Before Christopher Walken – and don't get me wrong, I love the guy – ever had a thought about the subject, rock and roll legends were using the cowbell to drive the ever-lovin' rhythm into some of the finest songs of the 1970s and '80s. Here are ten of my favorites – in order, by the way, and I don't want any arguments:
Jump into the Fire – Harry Nilsson
Has anyone ever epitomized the phrase "passive-aggressive" better than Mr. Nilsson in this song? I just love the way, at the end, he demands, "We can make each other happy! We can jump into the fire!" What? I'm just here for the tour of the volcano. All the while, that cowbell incessantly affirms his intentions.
Calling Dr. Love – You'll have to forgive me for this one as I have a soft spot for KISS – I was a charter member of the KISS Army back in 1977. I still remember, a lifetime ago, singing this song with everyone from my little brother to my first girl friend.
Diamond Dogs – Bowie
Always a slave to fashion, Mr. Bowie arrived a little late to the cowbell party of the '70s but he still executed it perfectly in this little glam rock ditty that really talks about nothing at all. I can still see him banging on it while the girls leave the room.

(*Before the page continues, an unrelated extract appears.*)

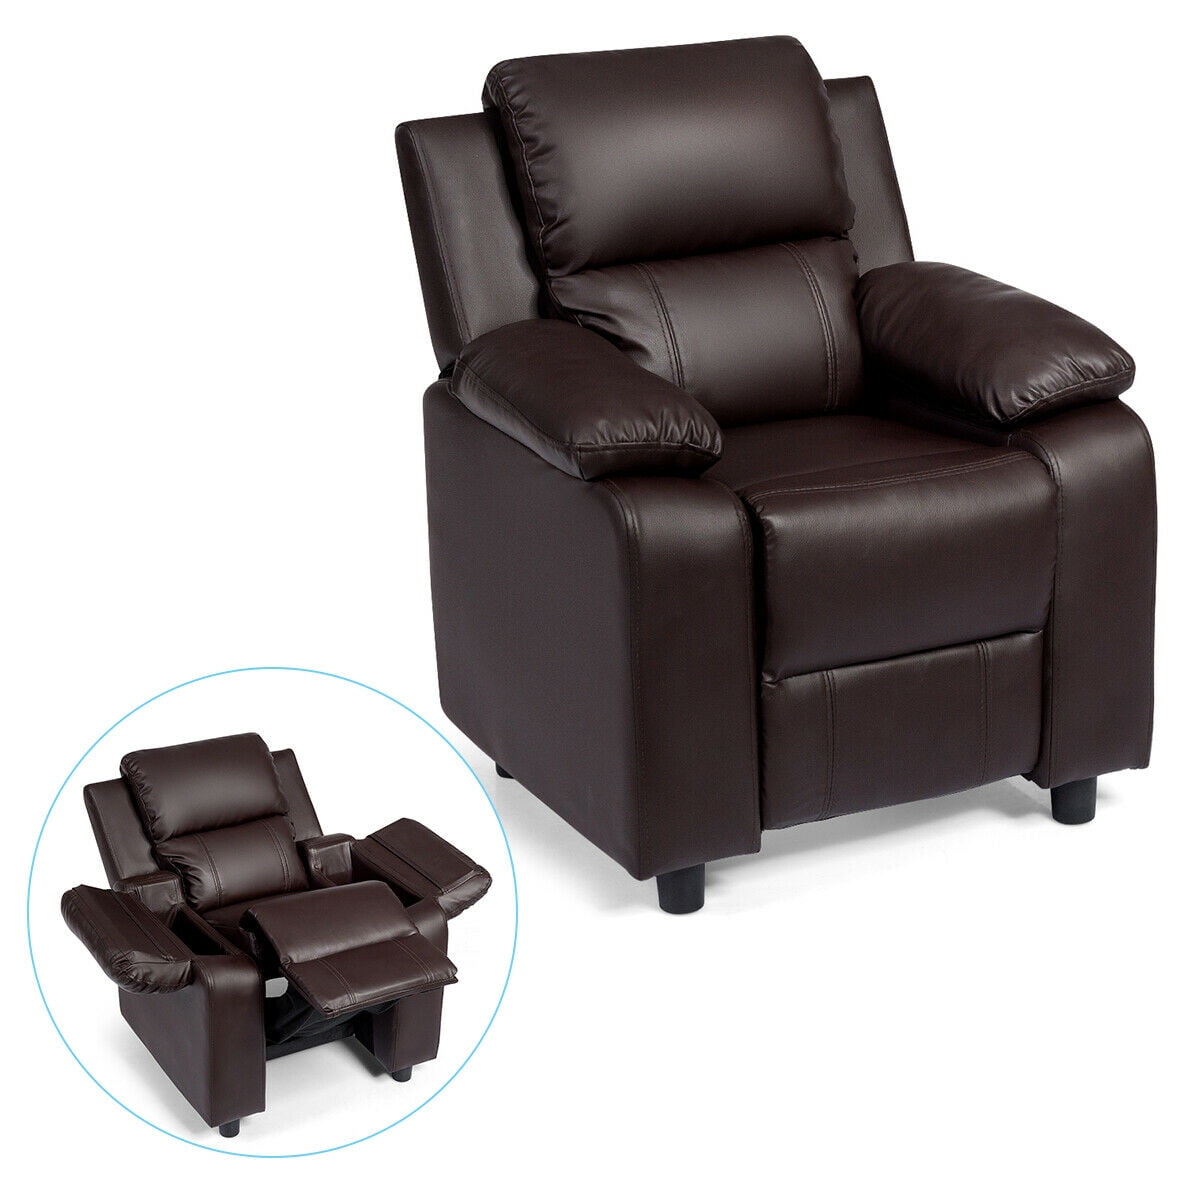 Gymax Deluxe Padded Kids Sofa Armchair, Baby Leather Recliner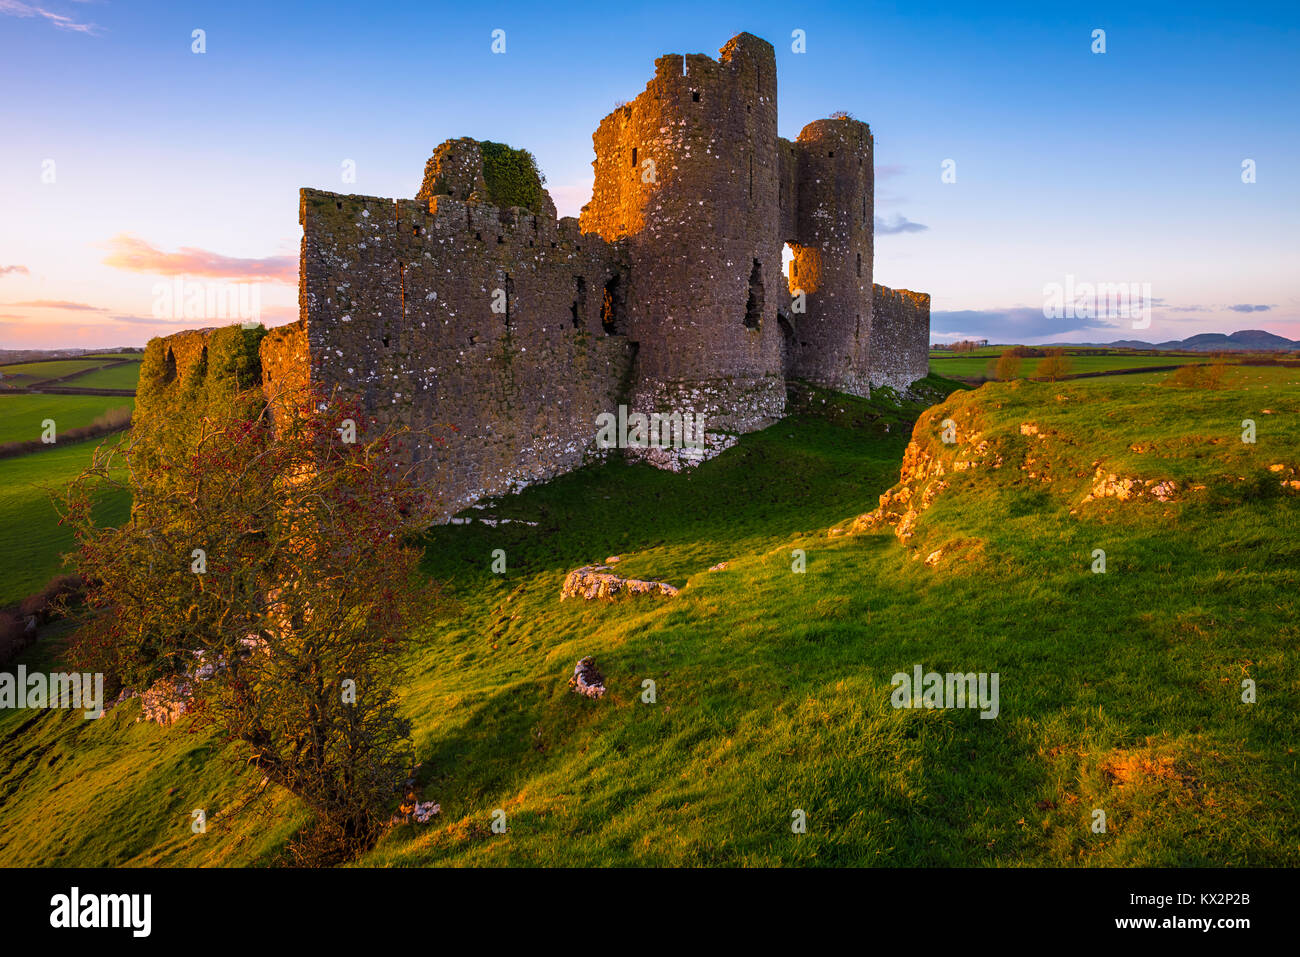 Ruins of Castle Roche, County Louth in Ireland Stock Photo

A Little Less Conversation – Elvis (not Costello!)
Is there any list that The King doesn't show up on? Written and arranged by Mac Davis, this song uses the instrument in an understated but decidedly showy manner. Mr. Presley never had another more forward-looking song than this unlike his final word, "corn?"
Funk 49 – James Gang
Only used in the bridges, the simultaneous screams and wails of Joe Walsh and his band mates makes for some pretty entertaining moments in this amazing instrumental that only had words added to it after the fact. Play it to the end and enjoy!
Stuck in the Middle – Steeler's Wheel
With that off-beat clapping and driving beat, this song is a classic by itself but, for me, those few hits of cowbell really define the song. Please-eee-eee-eee-ease … Please-eee-eee-eee-ease … Oh yeah, and we all knew it wasn't by Bob.
Low Rider – War
How can anyone listen to this song and not be drawn to the incessant beat? The words are earthy, the beat is incessant. Then, the cowbell throughout the song manifests itself as the icing on the cake. All … my … friends … love the pow rider.
Born on the Bayou – Creedence Clearwater Revival
John Fogerty gives us a little nostalgia in this gem of a song. We also get some schooling in the language of the Crescent City. "Chasin' down a hoodoo there." Wait, what? With phrases like that, ain't no way, no how that the Cajuns are actually communicating with each other.
Honky Tonk Women – The Rolling Stones
The loneliness of the cowbell is pure magic in this classic song by Mick, Keith and the rest of the Stones. It starts off by itself but then infects the rest of the song. Charlie Watts – that grinning fiend – has never been better.
Hair of the Dog – Nazareth
Simply and purely, this is the apotheosis of the cowbell song; it uses a single well-timed but repeating strike throughout the curse of the chorus … no more, no less and with devastating effect. Even Mr. Walken could not ask for more in this brilliantly executed tune.